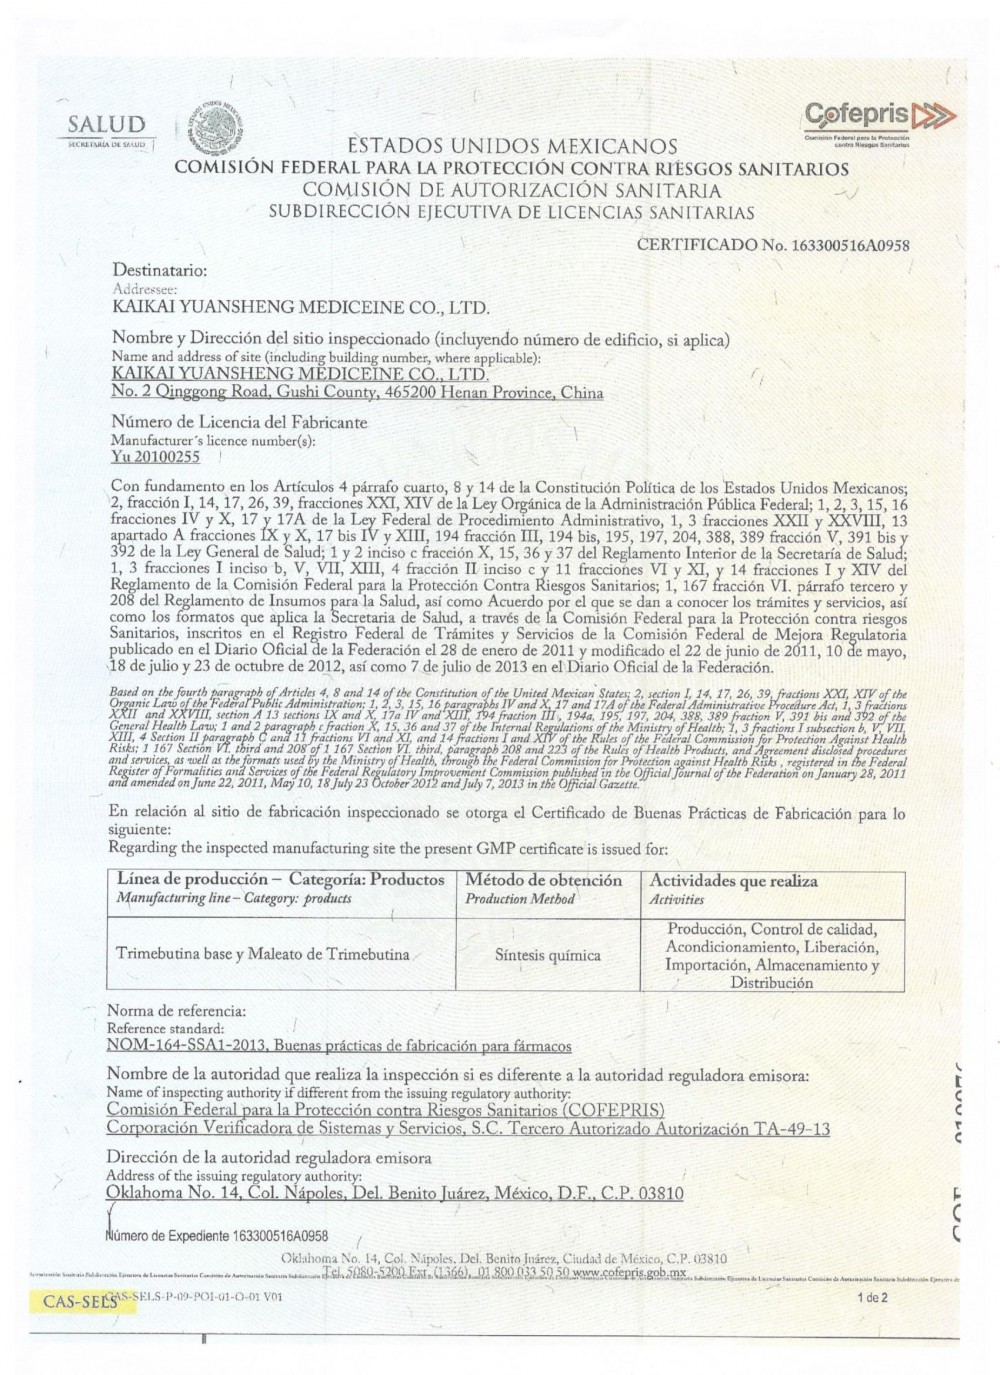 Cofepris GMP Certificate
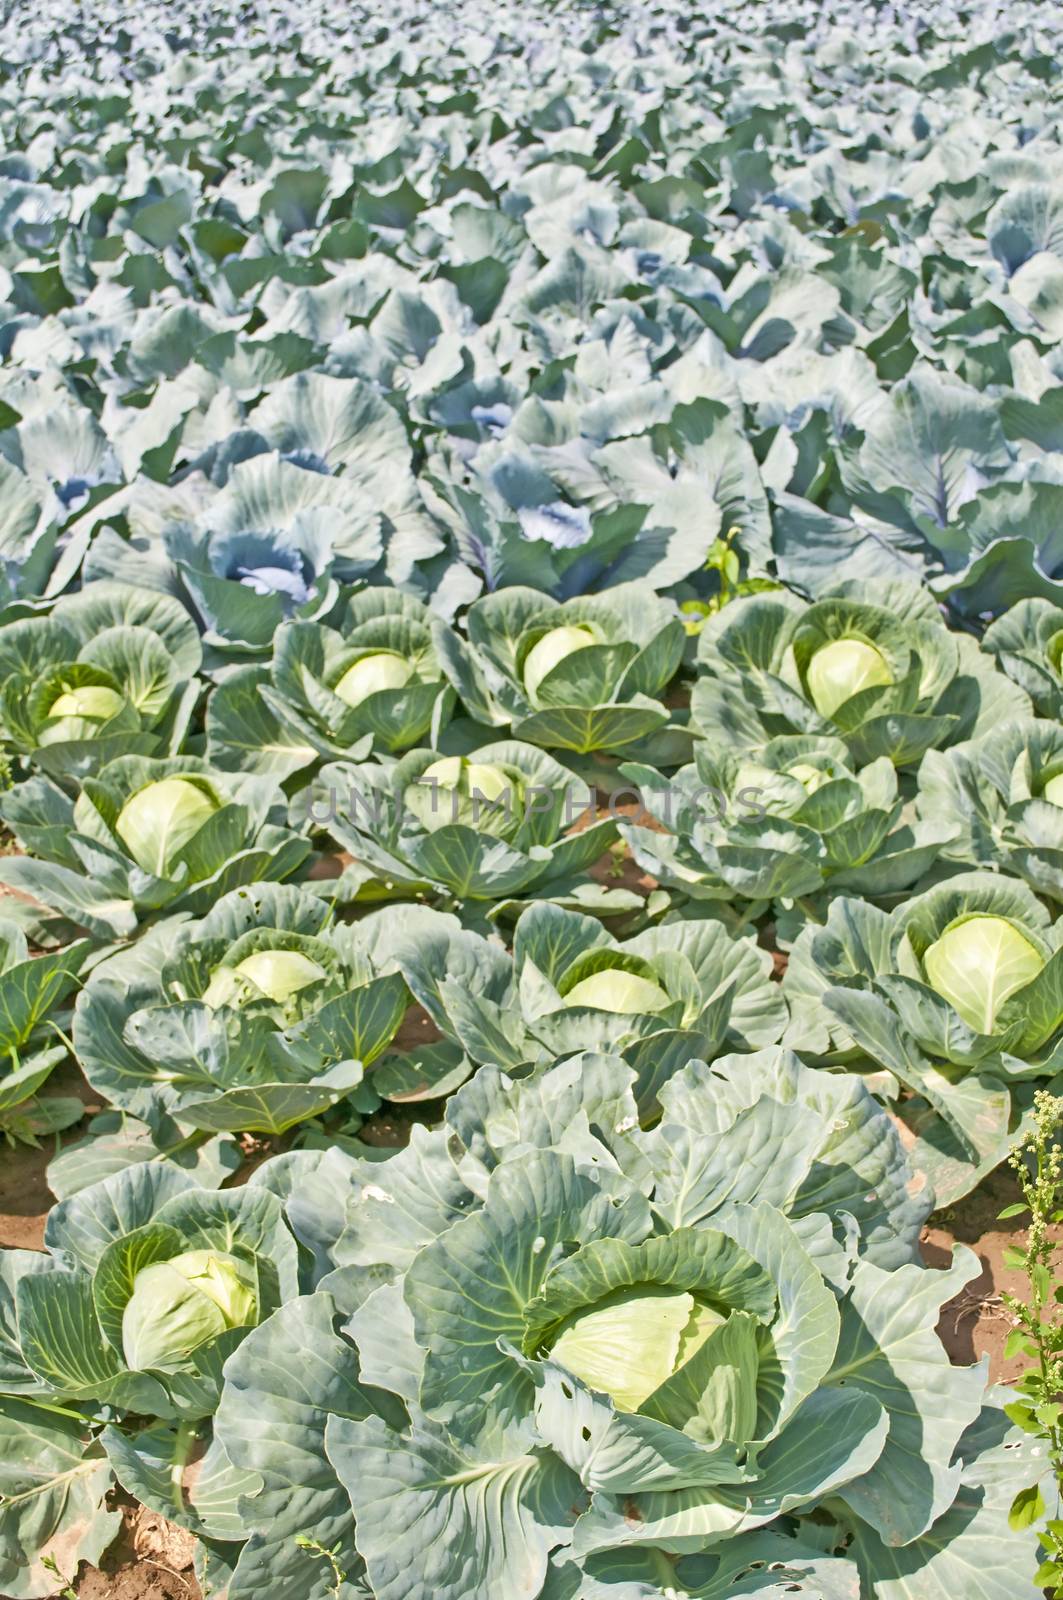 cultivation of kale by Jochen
* * *
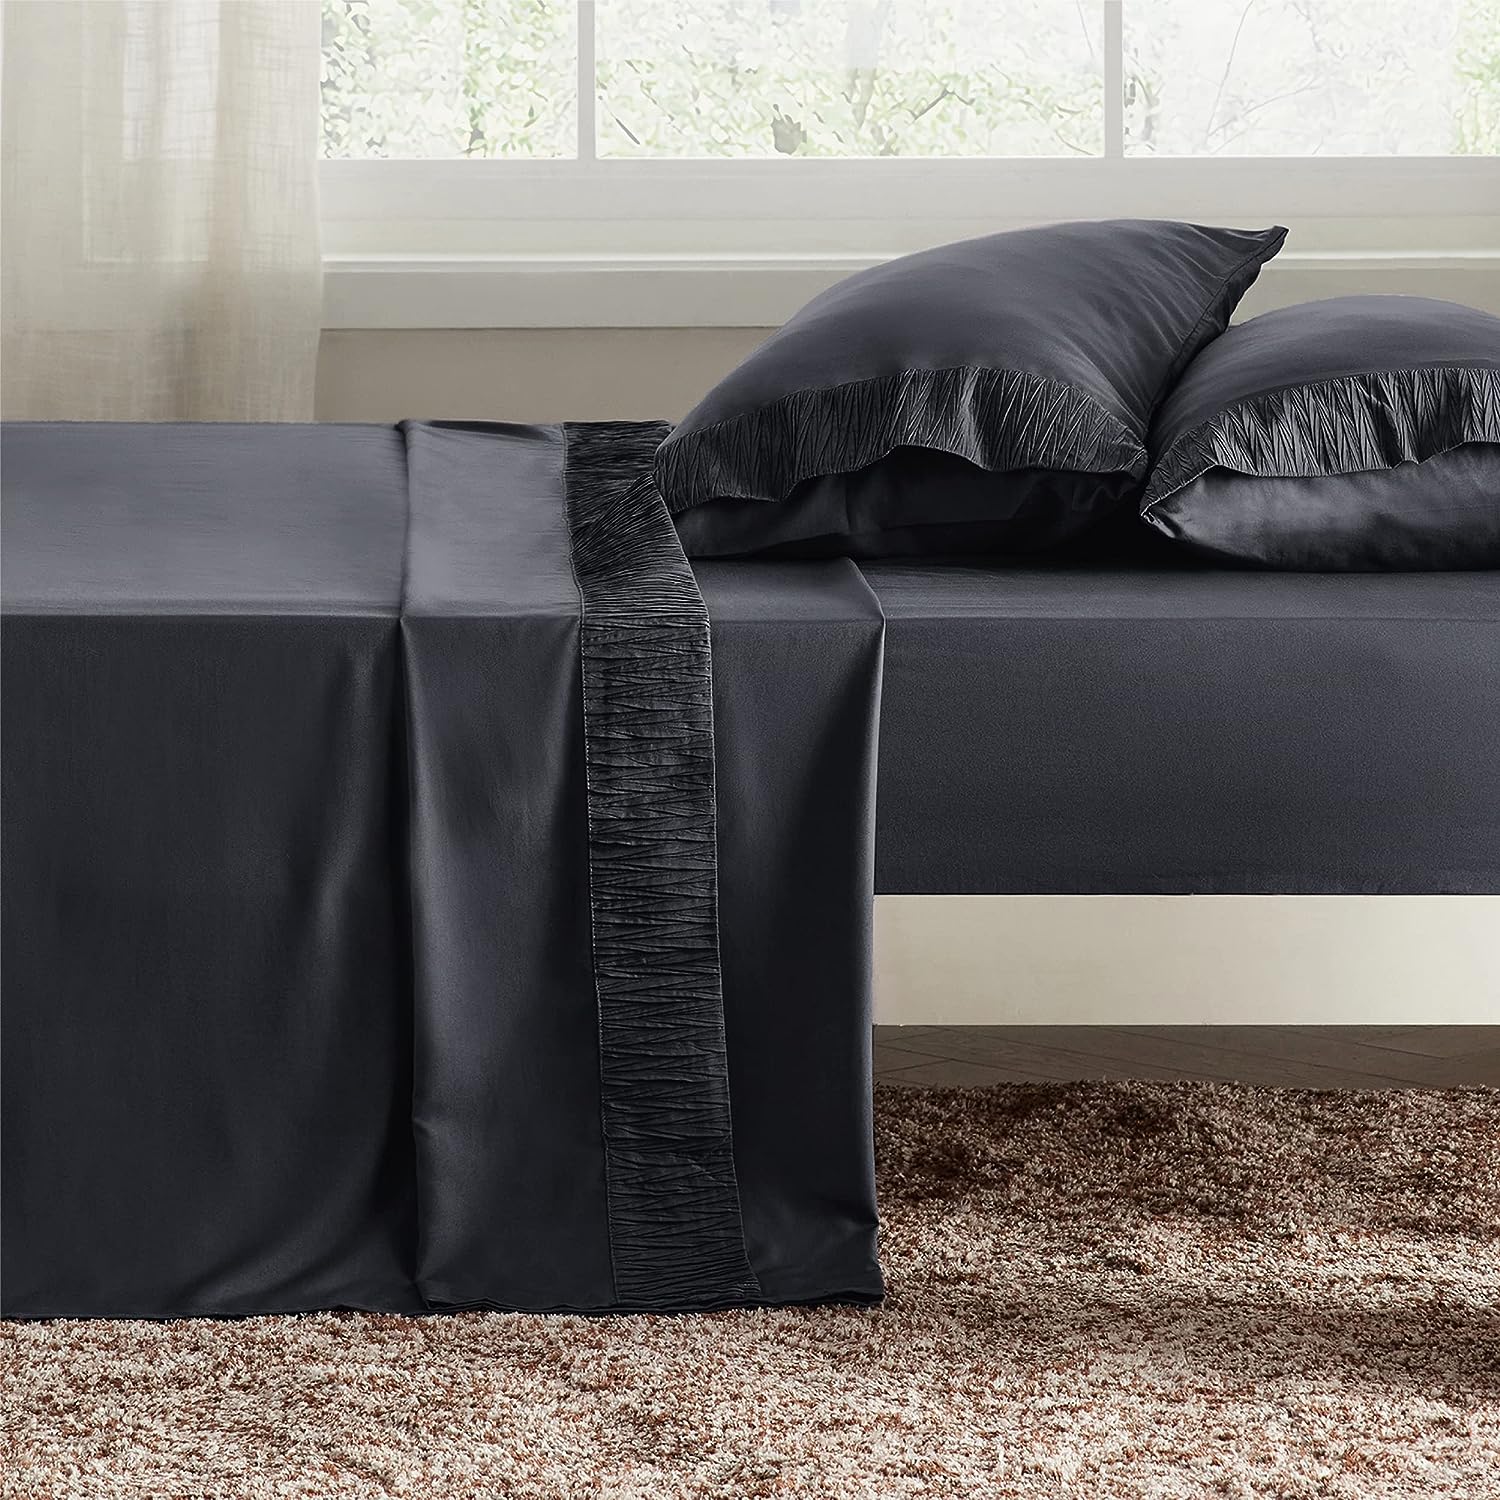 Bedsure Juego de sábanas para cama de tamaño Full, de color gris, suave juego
---
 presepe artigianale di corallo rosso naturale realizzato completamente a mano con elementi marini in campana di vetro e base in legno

What is required: Copy the lines above exactly, starting at the one with "Cofepris GMP Certificate" and ending at the one with "cultivation of kale by Jochen", both included. Leave out any pictures and add nothing else.

Answer section:
 Cofepris GMP Certificate
 cultivation of kale by Jochen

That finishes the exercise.